How to complete this task: Please restate every record below word for word and skip the pictures.

Extracted material:
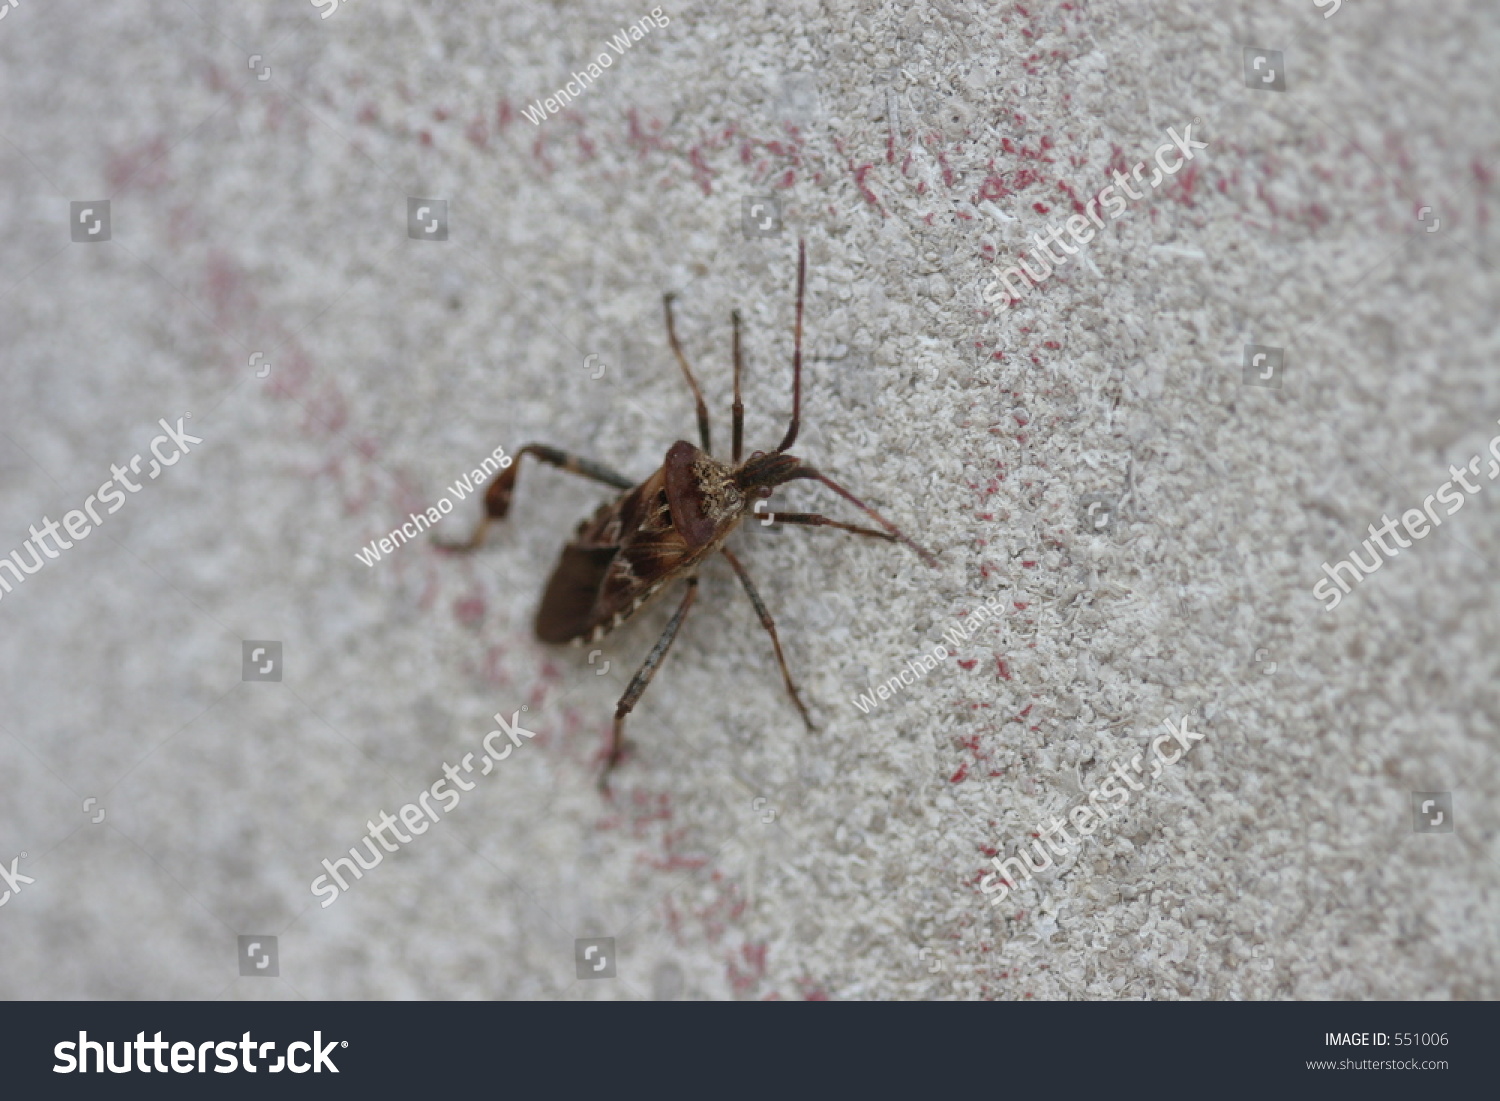 Brown Bug On Wall Stock Photo 551006 - Shutterstock
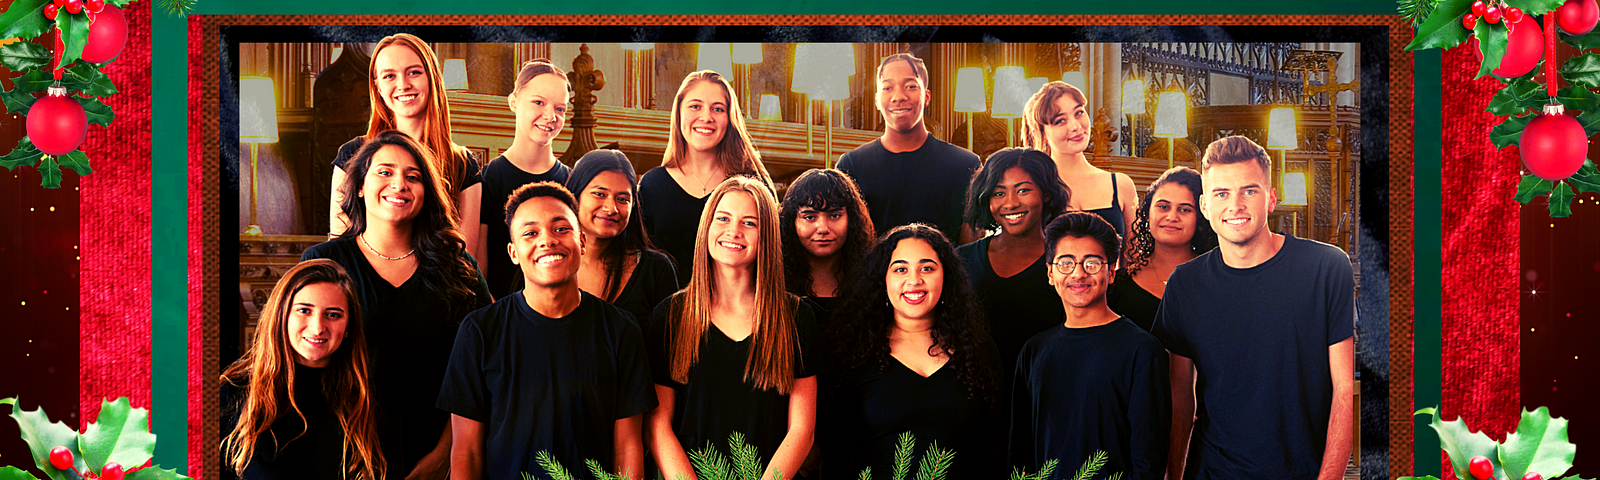 A choir of smiling diverse young adults surrounded by Christmas greenery
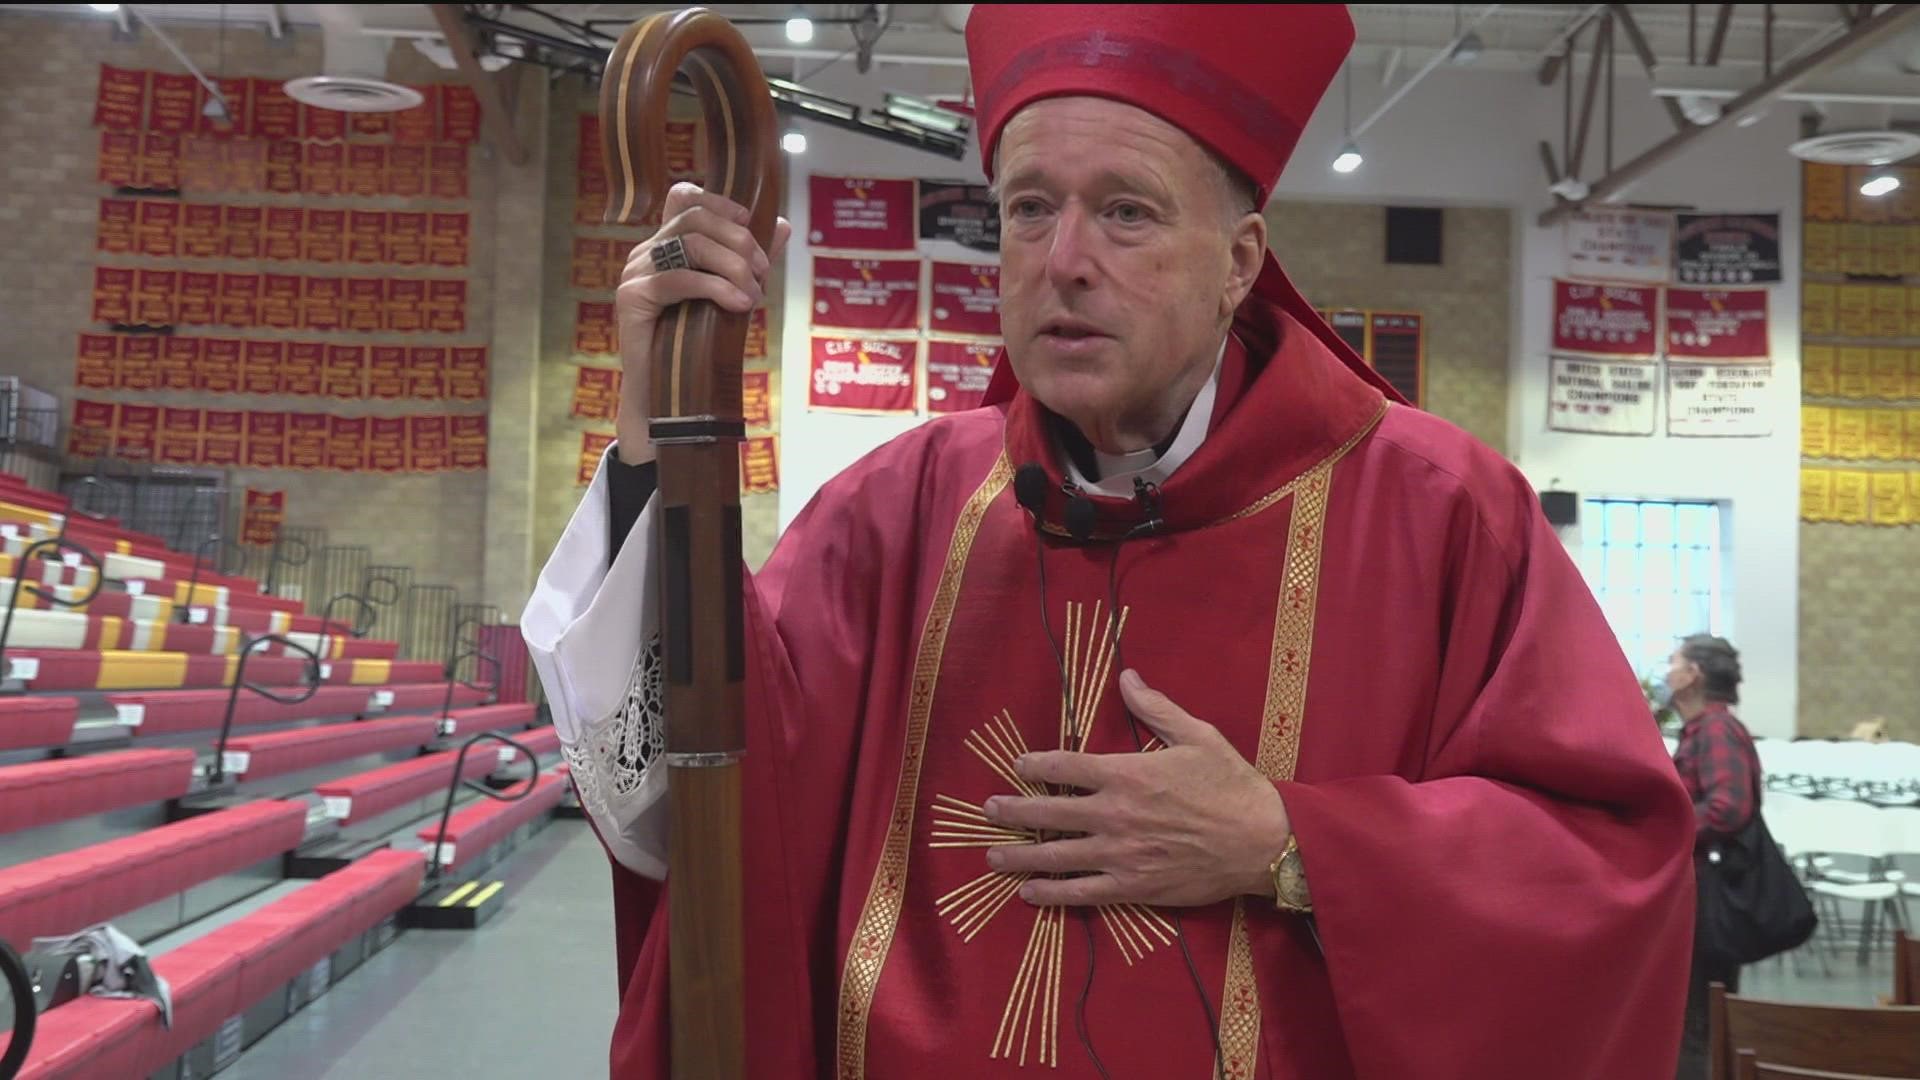 The mass was conducted by Cardinal Designate Robert McElroy, his first mass appearance since the announcement of his new role in the universal church.
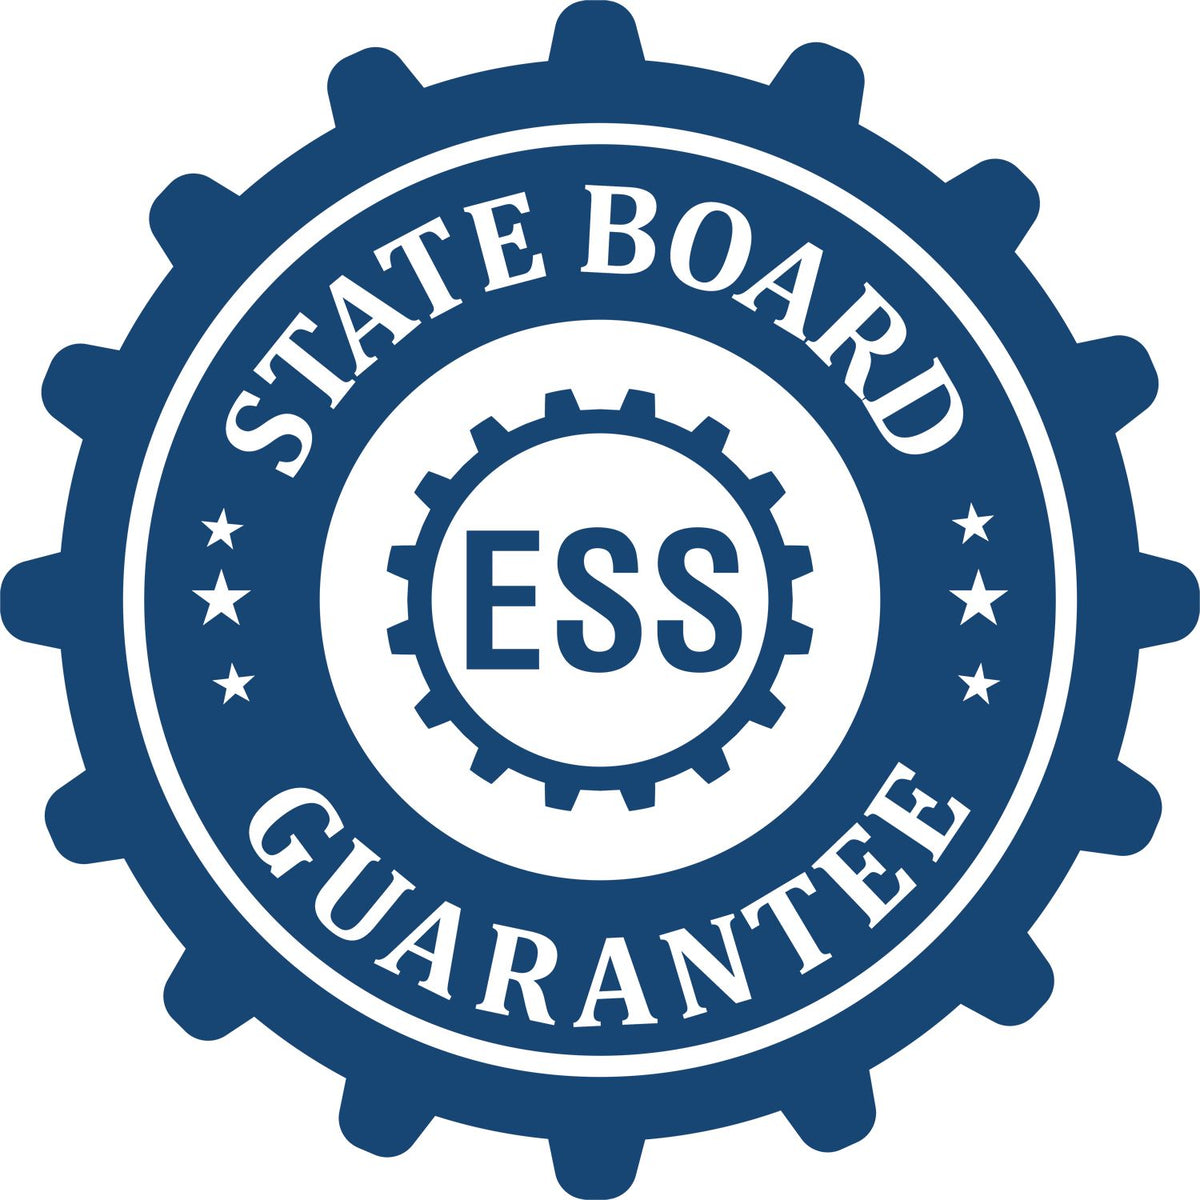 An emblem in a gear shape illustrating a state board guarantee for the Digital Tennessee Landscape Architect Stamp product.
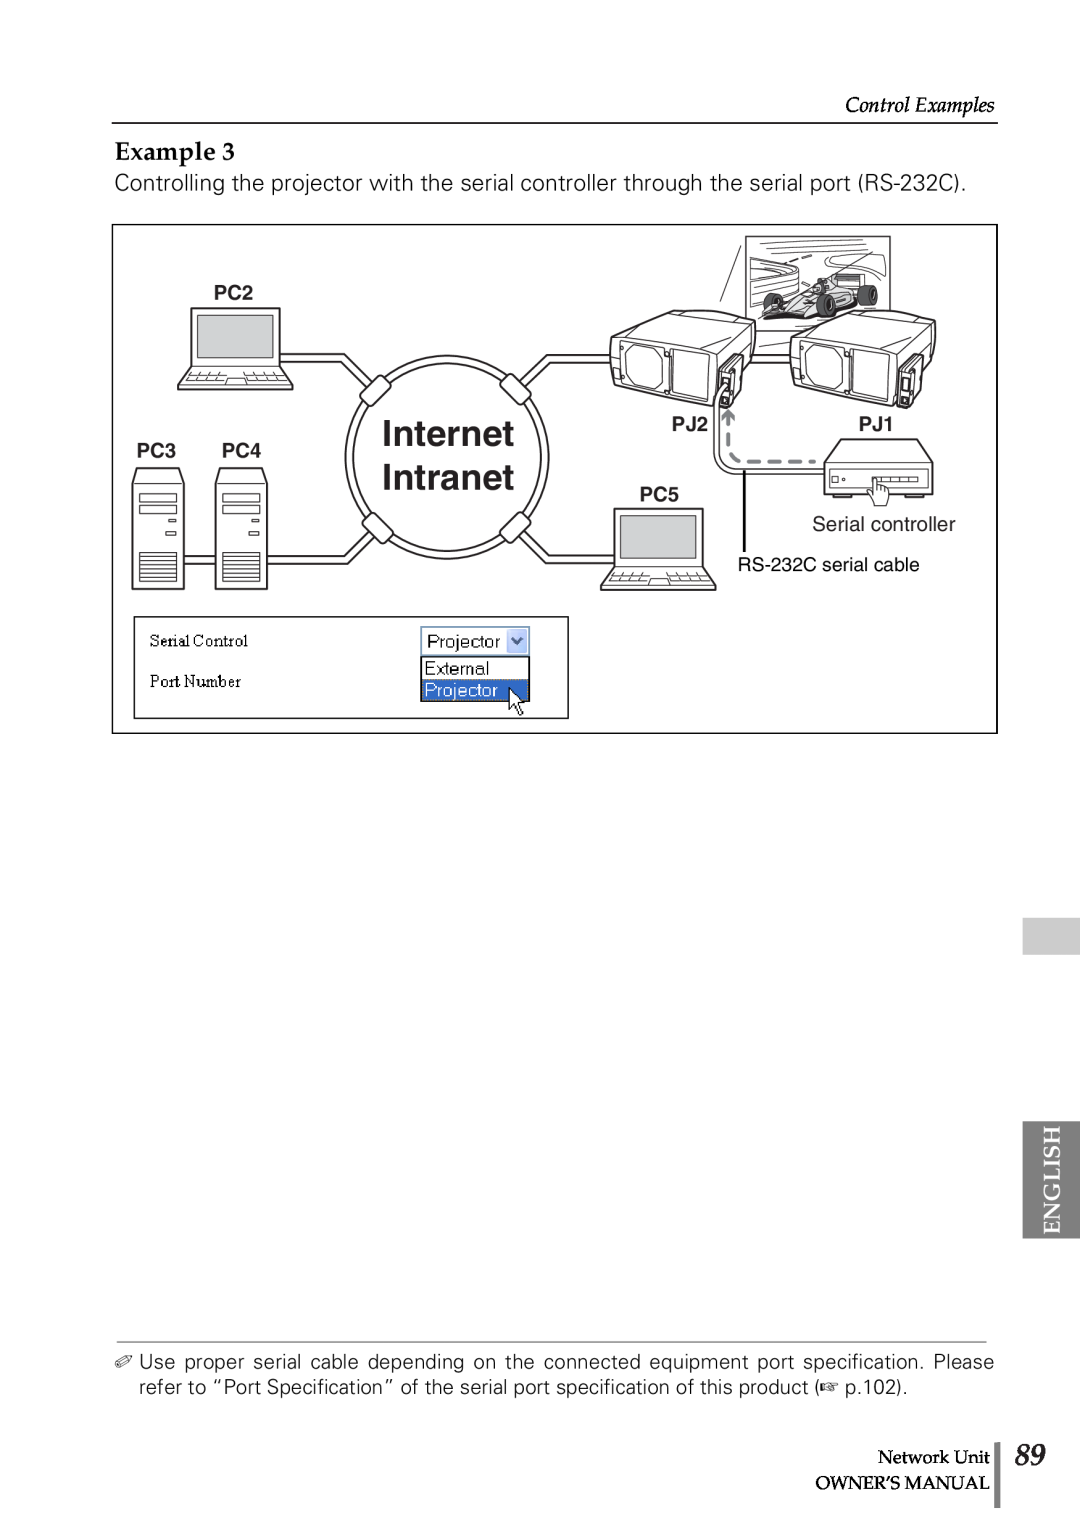 Sanyo POA-PN02 owner manual Internet, Intranet, English, Control Examples, RS-232C serial cable, Serial controller

Solved problem:
 Brown Bug On Wall Stock Photo 551006 - Shutterstock
 A choir of smiling diverse young adults surrounded by Christmas greenery
 The mass was conducted by Cardinal Designate Robert McElroy, his first mass appearance since the announcement of his new role in the universal church.
 An emblem in a gear shape illustrating a state board guarantee for the Digital Tennessee Landscape Architect Stamp product.
 Sanyo POA-PN02 owner manual Internet, Intranet, English, Control Examples, RS-232C serial cable, Serial controller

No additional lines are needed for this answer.